** Required action **
Write the listing below out again exactly, dropping the images.

[Data excerpt — start]

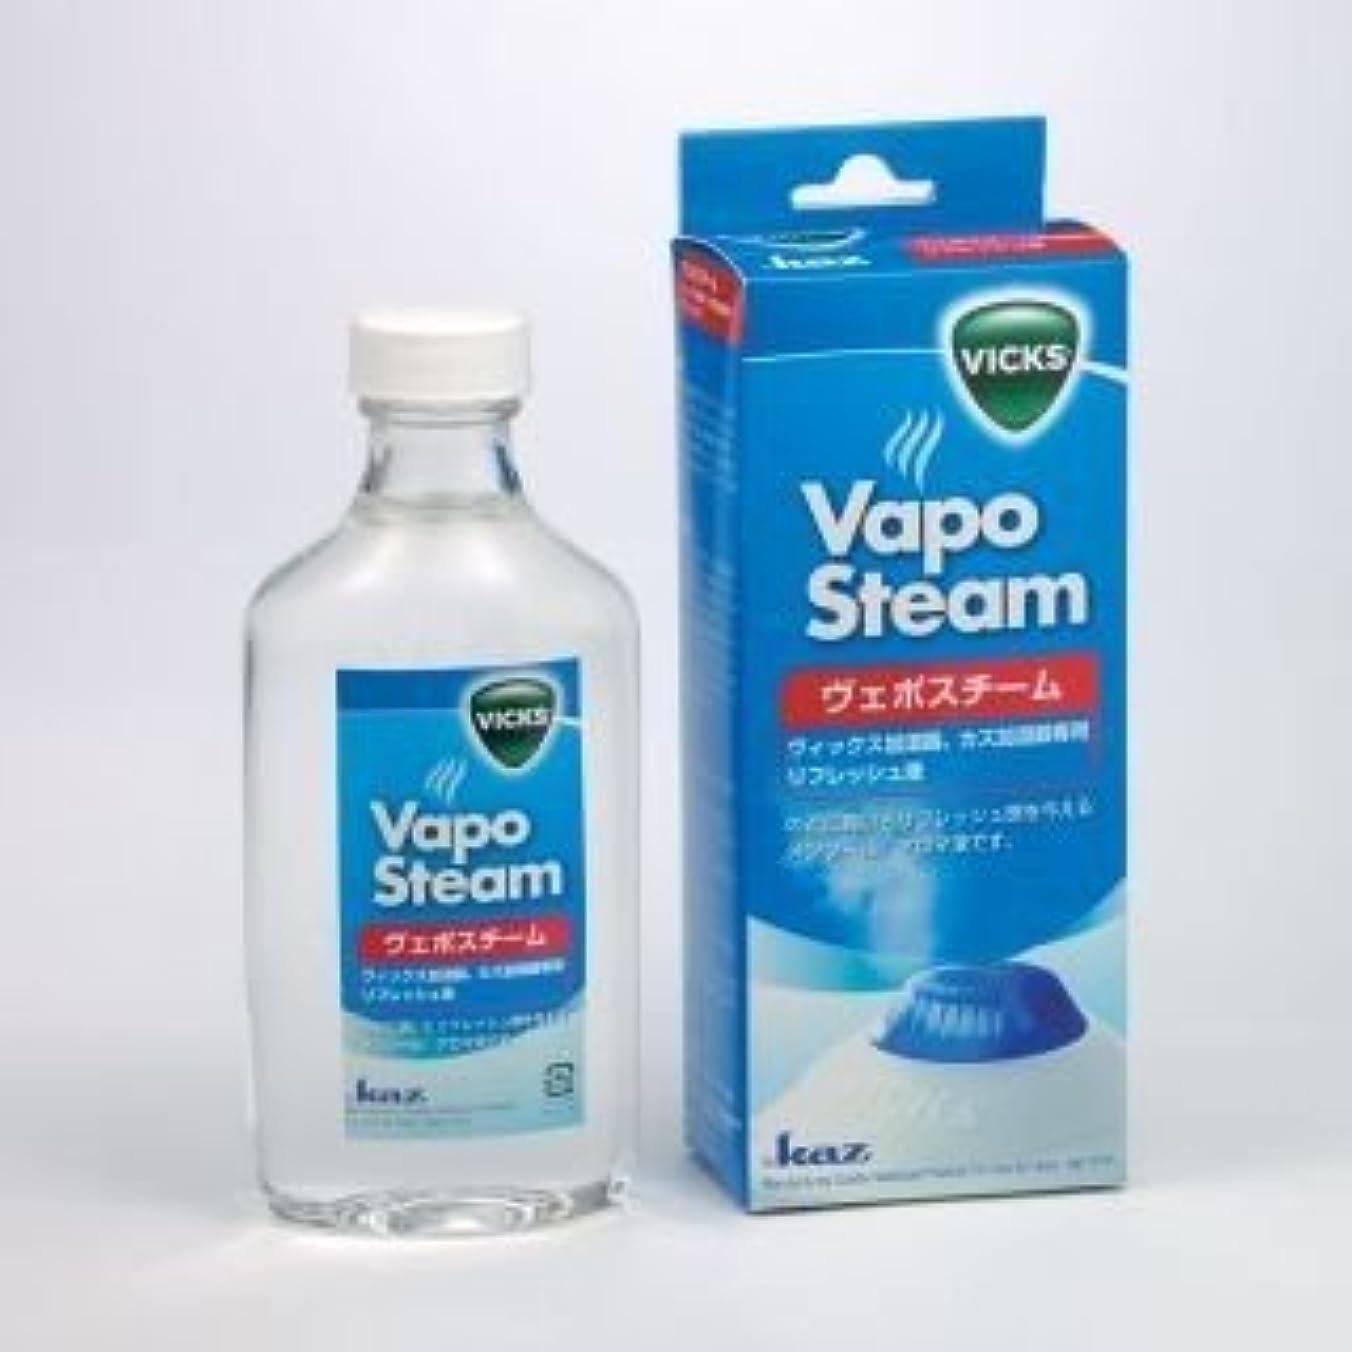 想定制限された医薬品喉に潤いとリフレッシュ感を与えるアロマテラピー液!加湿器から噴出されるスチームとともにメンソール成分の入ったリフレッシュ液の香りが一緒に発散!【3個セット】
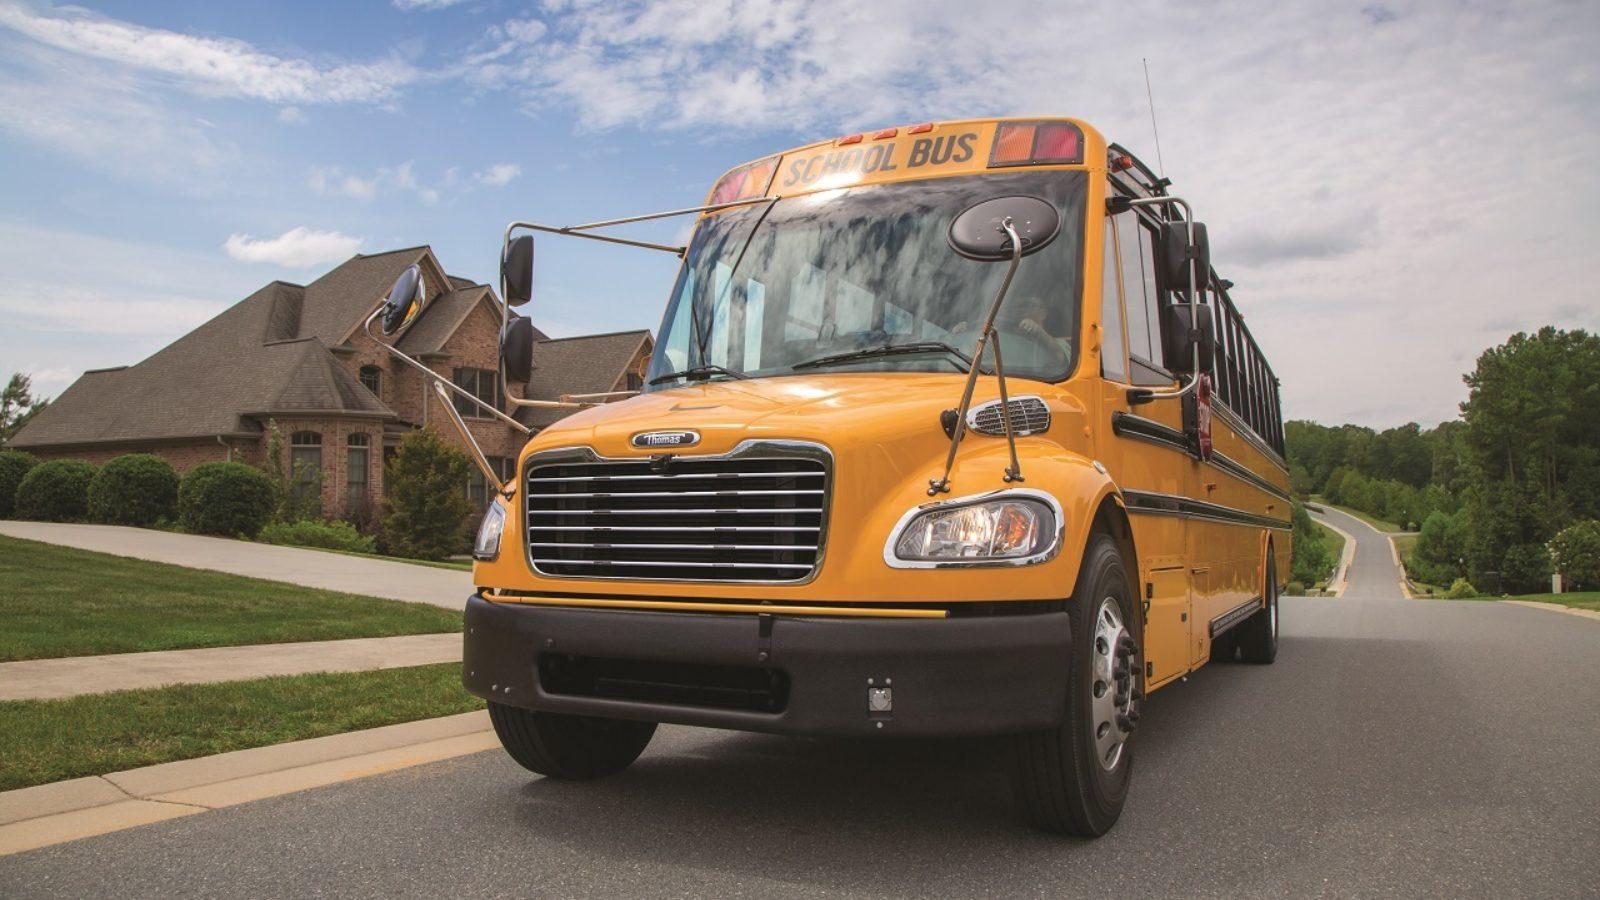 Kerlin bus saf t liner c2 6
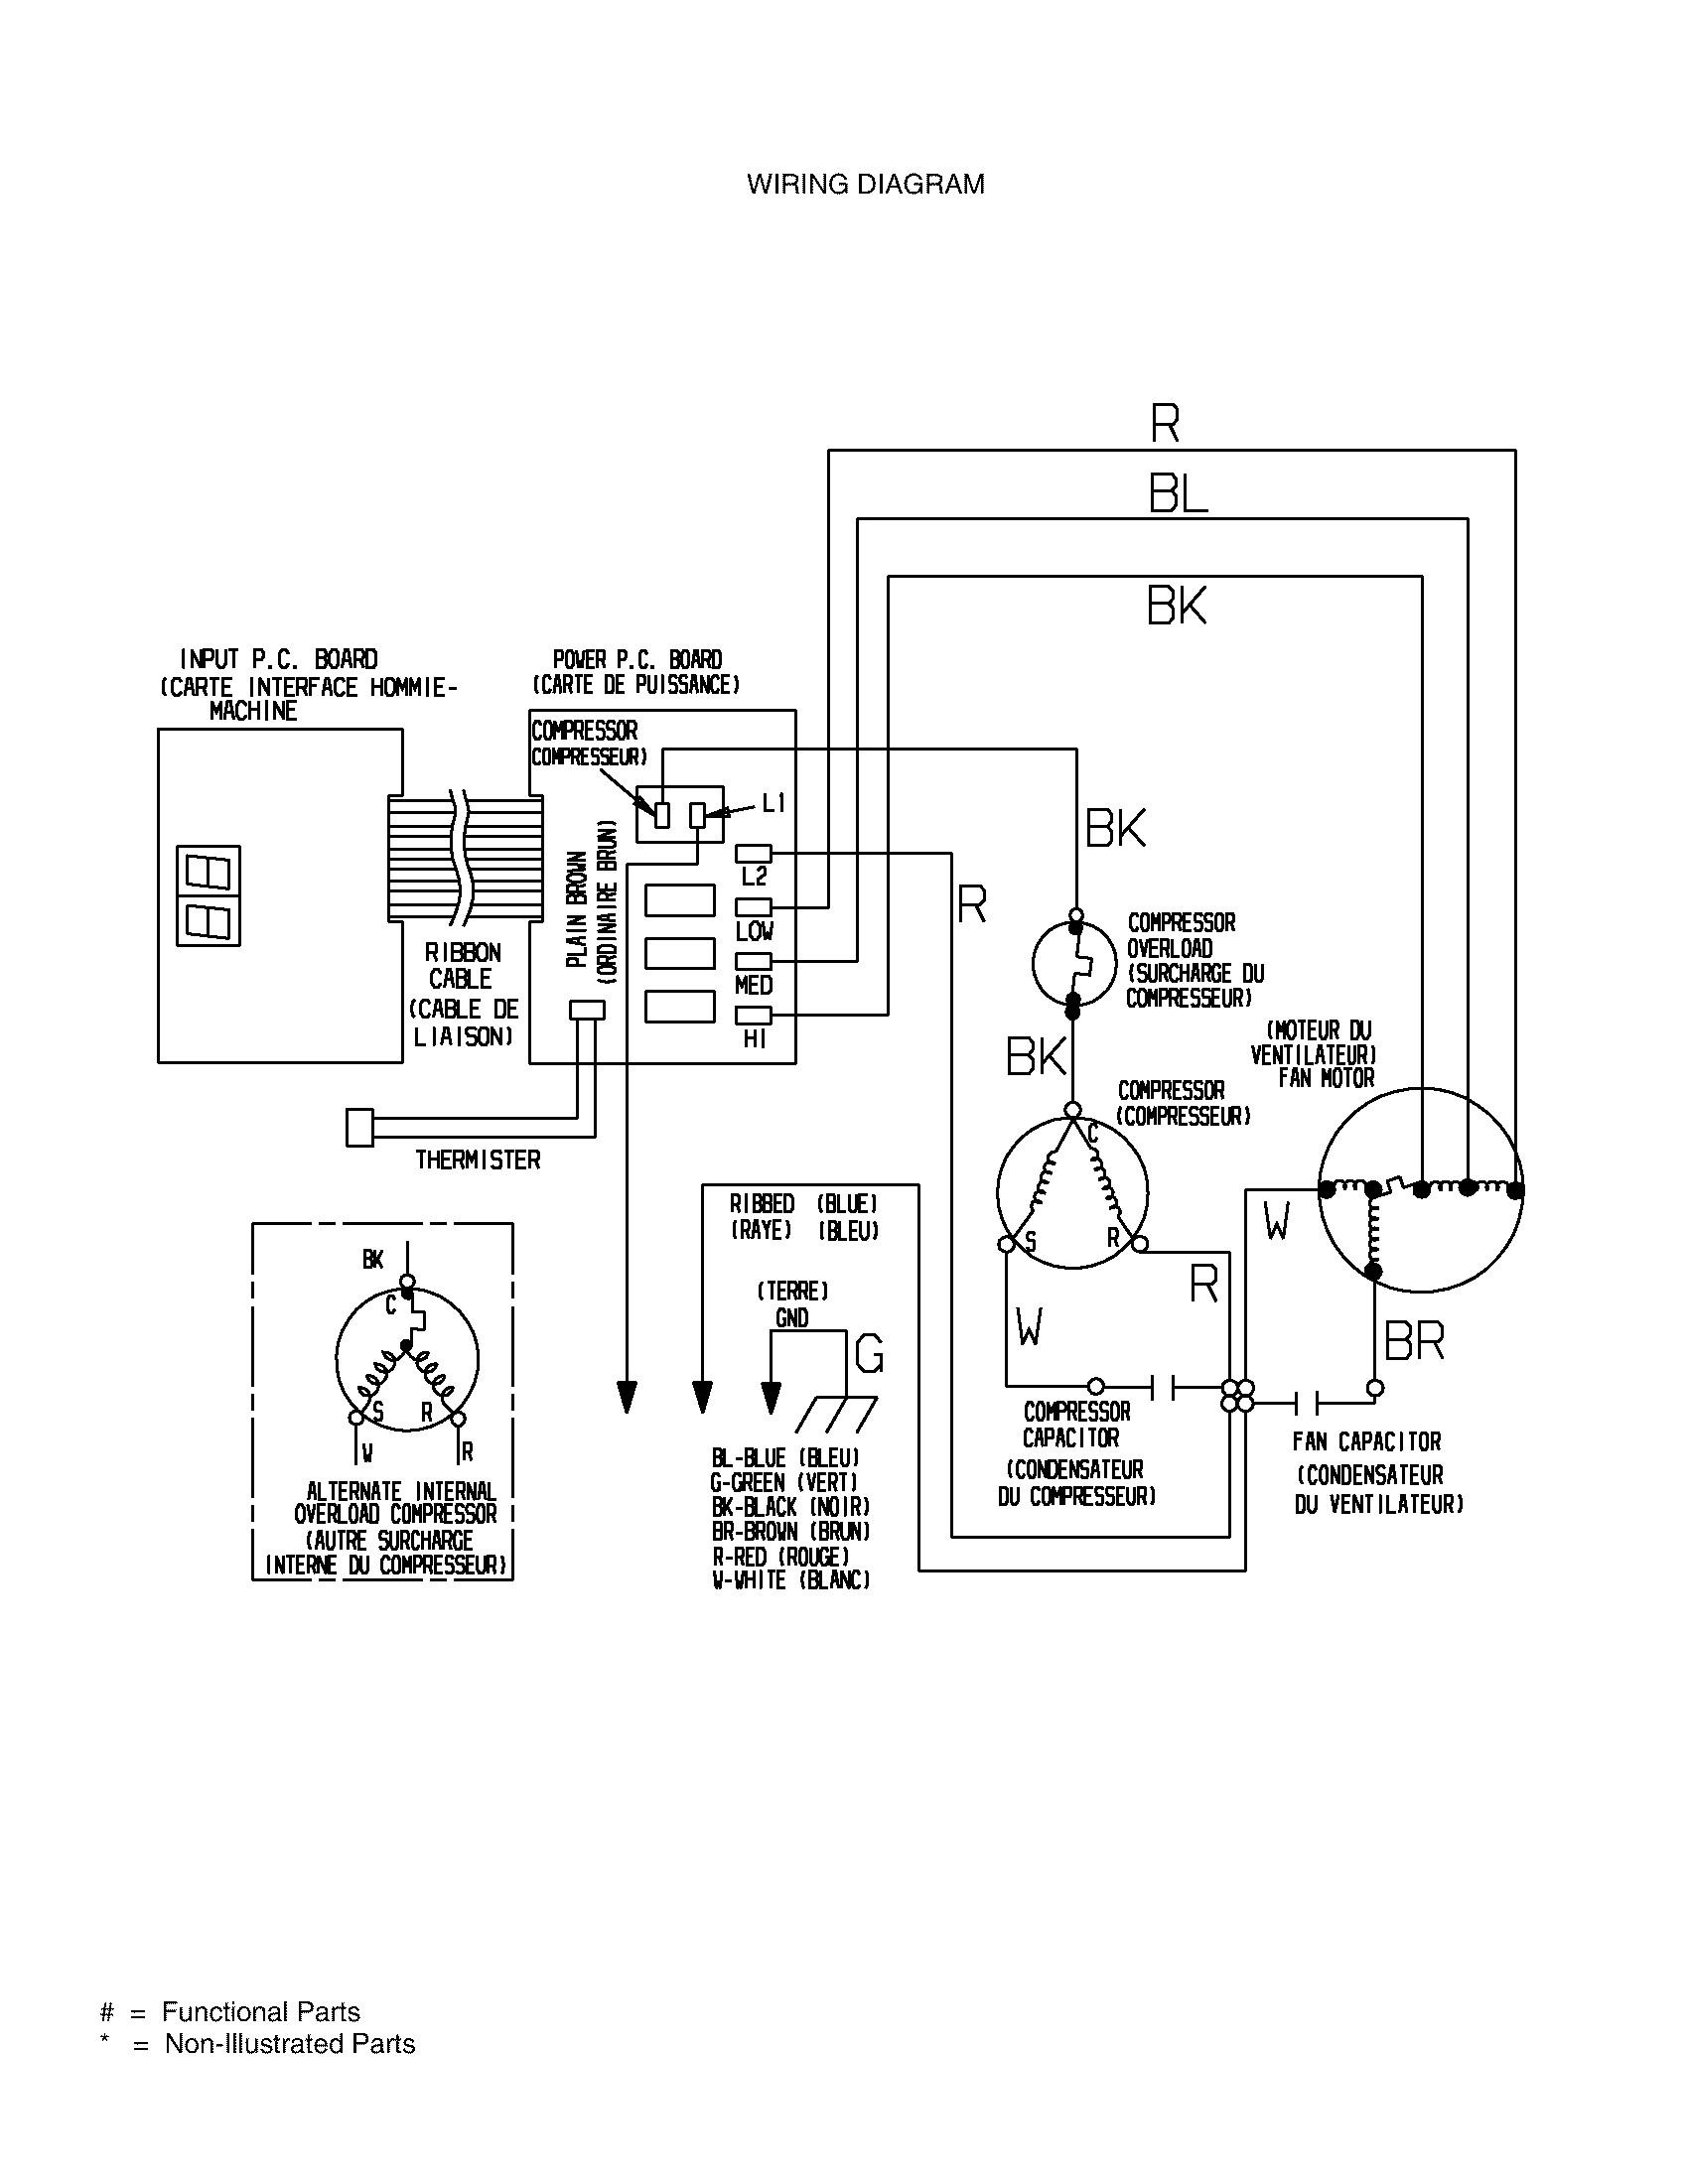 Car Ac Parts Diagram Coleman Rv Air Conditioner Wiring Diagram – Wire Diagram Of Car Ac Parts Diagram
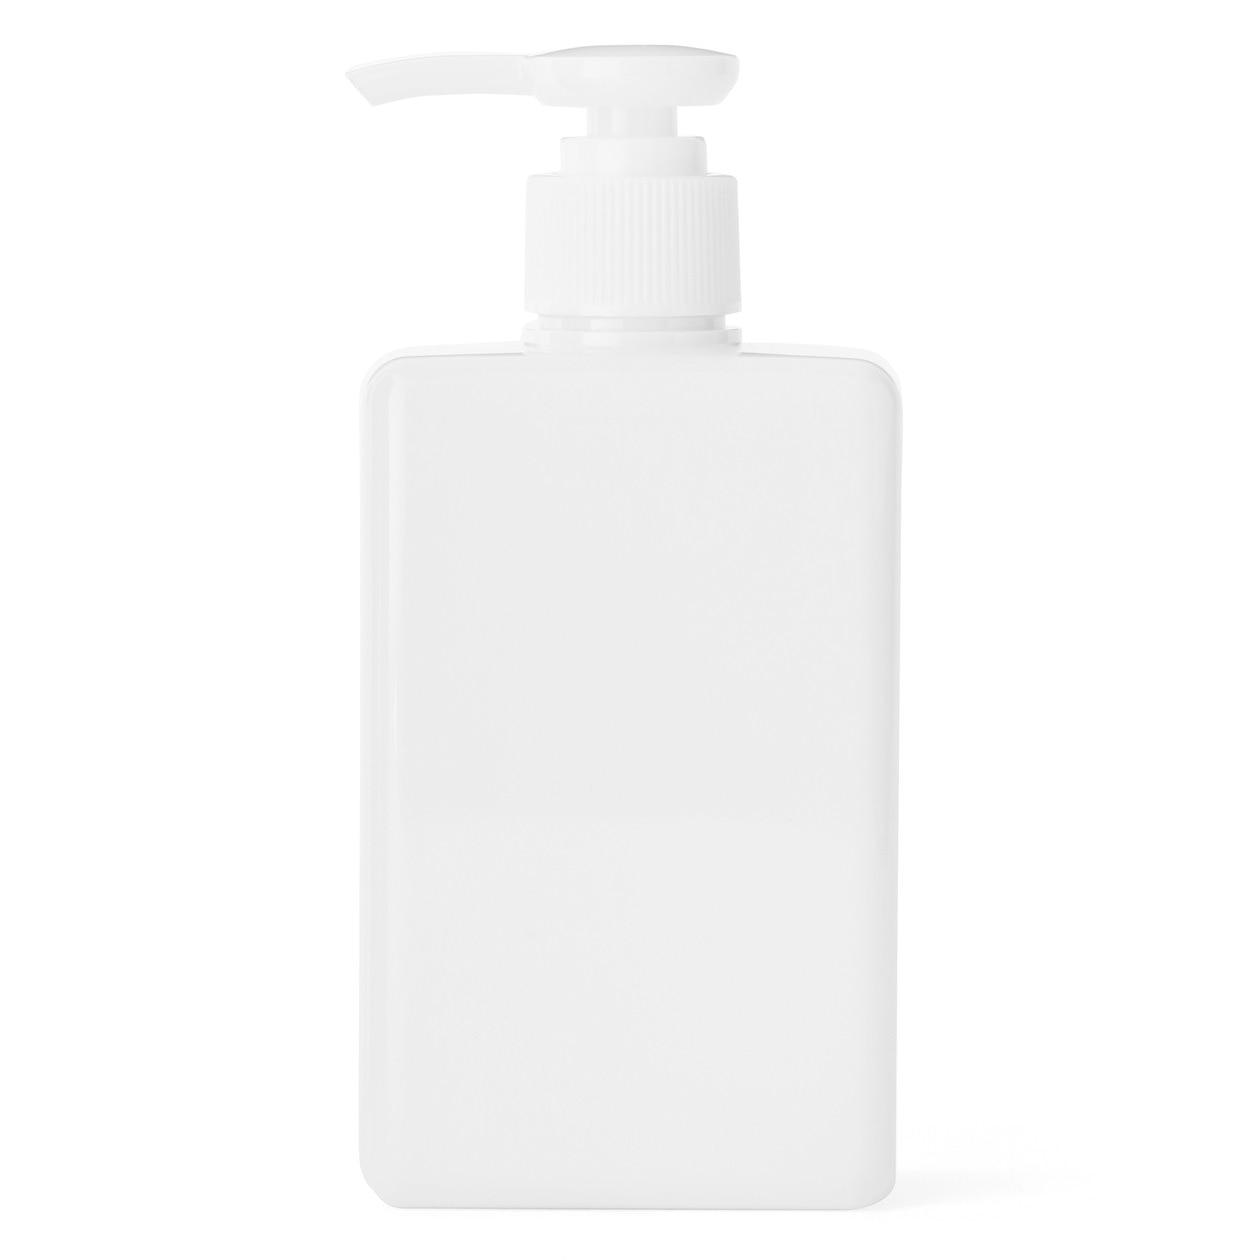 RoomClip商品情報 - PET詰替ボトル ホワイト 280ml用

[Data excerpt — finish]

** Exercise answer **
 想定制限された医薬品喉に潤いとリフレッシュ感を与えるアロマテラピー液!加湿器から噴出されるスチームとともにメンソール成分の入ったリフレッシュ液の香りが一緒に発散!【3個セット】
 Kerlin bus saf t liner c2 6
 Car Ac Parts Diagram Coleman Rv Air Conditioner Wiring Diagram – Wire Diagram Of Car Ac Parts Diagram
 RoomClip商品情報 - PET詰替ボトル ホワイト 280ml用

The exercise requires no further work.